Immunohistochemistry

Formaldehyde fixed, paraffin embedded lung samples were sectioned to 4-micron thickness and placed on slides for immunohistochemical evaluation. Sectioned lung tissues were stained for the following murine cell markers: CD3, CD4, CD8, and CD68. Alkaline phosphatase (AP)- and 3,3′-Diaminobenzidine (DAB)-based methods were used for single and/or dual staining. Quantitative analysis of the number of positive cells in separate fields was reported.

Statistical analysis

GraphPad Prism 9.3.1 (GraphPad Prism Software, Inc.) was used to calculate statistics one-way ANOVA, paired and unpaired t test methods. Data were expressed as the mean ± SEM. Statistical significance was shown as *, P < .05; **, P < .01 and ***, P < .001.

Results

In vitro characterization of CYNK-001 cells

CYNK-001 is a culture-expanded NK cell population derived from human placental hematopoietic stem cells with the nominal NK surface phenotype of CD3- CD14- CD19- CD56+ (Figure 1a). The activating receptors of NK cells such as NKp46, NKp44, and NKp30, have been implicated in functionally arming NK cells following influenza virus infection via binding with influenza virus hemagglutinin (HA),[7] and our CYNK-001 exhibited strong cytolytic activity against a wide range of tumor cell lines.[24] Therefore, we further validated high expression levels of activating receptors including NKp30, NKp44, NKp46, DNAM-1 and NKG2D as a basal phenotype for CYNK-001 NK cells (Figure 1b and 1c). Taken together, these data suggest that CYNK-001 cells may recognize virally infected cells through the binding of IAV HA with NK cell receptors such as NKp44, and exert cytotoxic elimination of the source of infection. Further studies are required to explore this hypothesis.
Figure 1.

CYNK-001 in vitro characterization.

CYNK-001 in vitro characterization.

CYNK-001 confers in vivo resistance to severe IAV infection

To evaluate in vivo effects of CYNK-001 on acute and severe lung injury and inflammation, we chose a high-dose IAV-infection mouse model, in which CYNK-001 (1 × 107 cells/mouse) was intravenously infused at 1- and 3-days post infection (dpi) as described in Figure 2a.
Figure 2.

Effects of CYNK-001 in IAV-induced acute and severe infection mouse model.

Effects of CYNK-001 in IAV-induced acute and severe infection mouse model.

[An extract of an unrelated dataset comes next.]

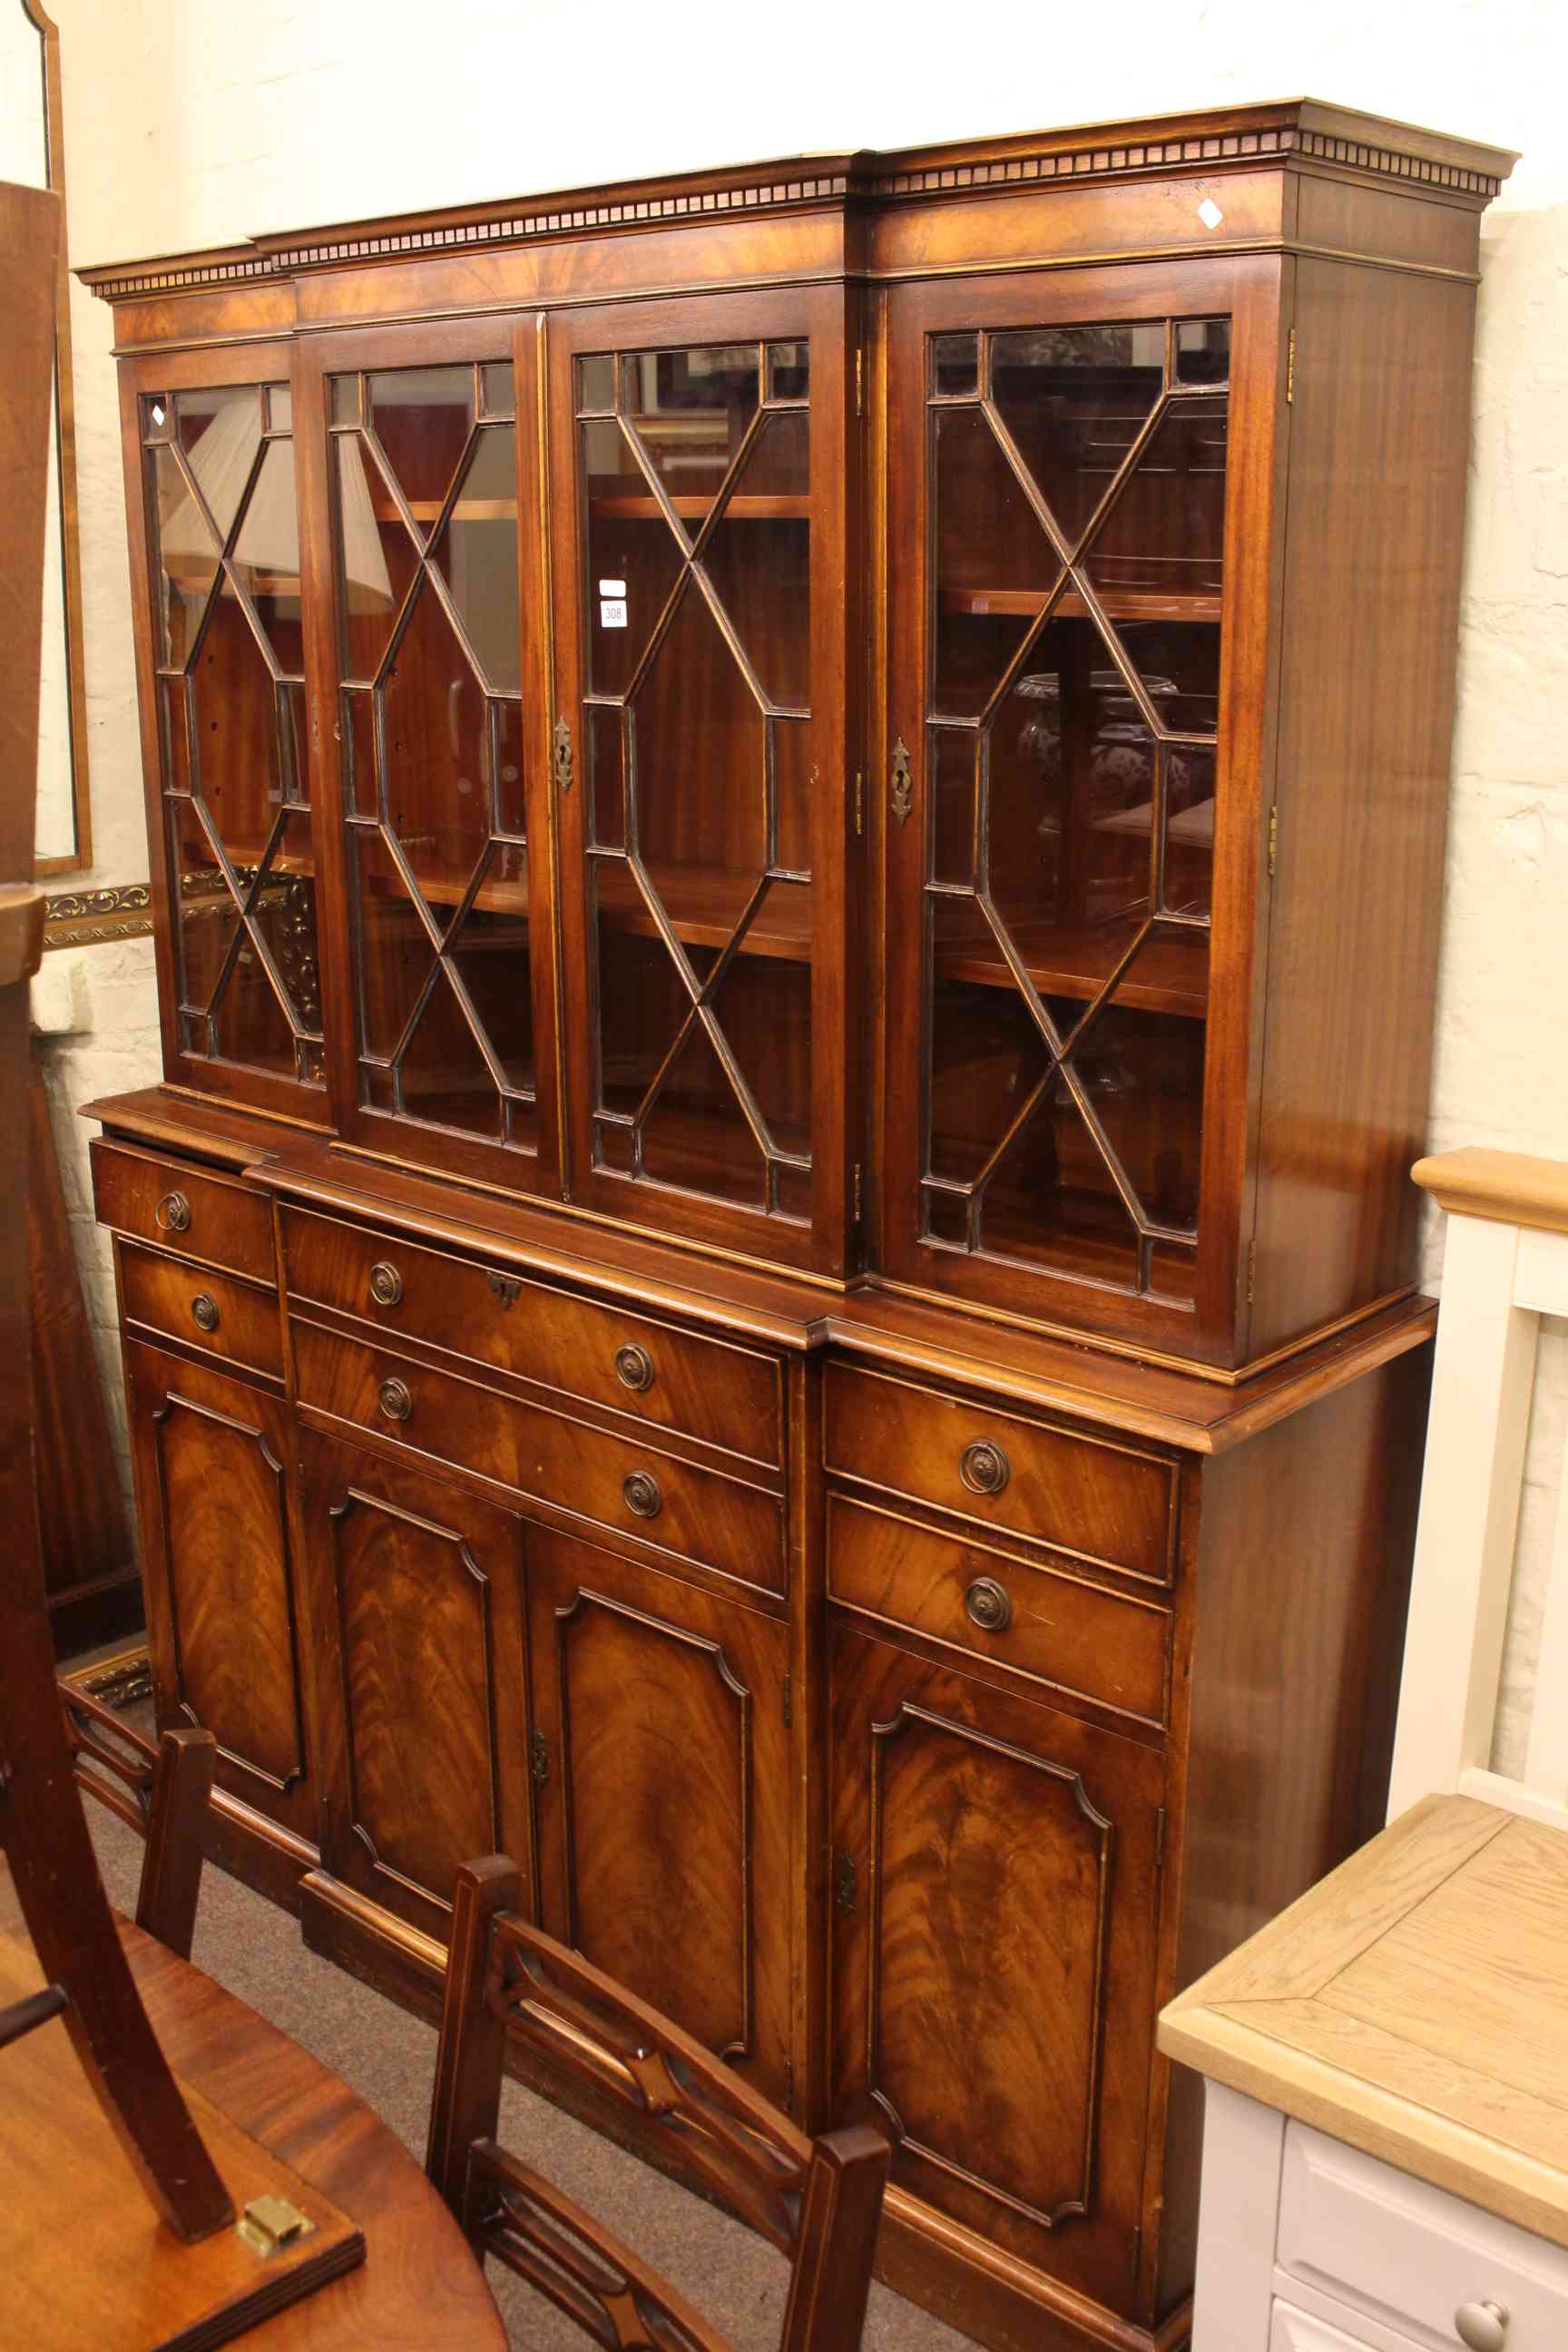 Bevan Funnell Reprodux mahogany breakfront secretaire bookcase, - Image 2 of 3

As early as 3 dpi, infection caused rapid weight loss (Figure 2b) with increased clinical symptoms characterized by hunching and ruffled fur (Figure 2c and Table 1). Notably, mice received CYNK-001 cells had reduced weight loss and milder clinical symptoms compared to PBS-treated mice. Consistent with these findings, mice treated with CYNK-001 showed a delayed onset of mortality: At 4 dpi, all mice in the CYNK-001-treated group were alive whereas 37.5% mortality rate occurred to the PBS-treated group (Figure 2d), although the difference was not statistically significant (p = .0547, χ2 test). These results indicate CYNK-001-mediated resistance to the disease progression caused by severe IAV infection in mice. The presence of CYNK-001 in Balb/c lungs was only detectable at 4 hours post i.v. infusion by digital PCR with an hTERT primer/probe specific for human gDNA (Fig. S2), while human cytokines secreted by CYNK-001 cells were undetectable in the BALF and plasma samples at 3 and 6 dpi (data not shown). These results suggested a short life span of CYNK-001 cells in immunocompetent Balb/c mice, which might relate to the non-statistically changed viral load (Fig. S3) and the limited effects of CYNK-001 demonstrated in this study.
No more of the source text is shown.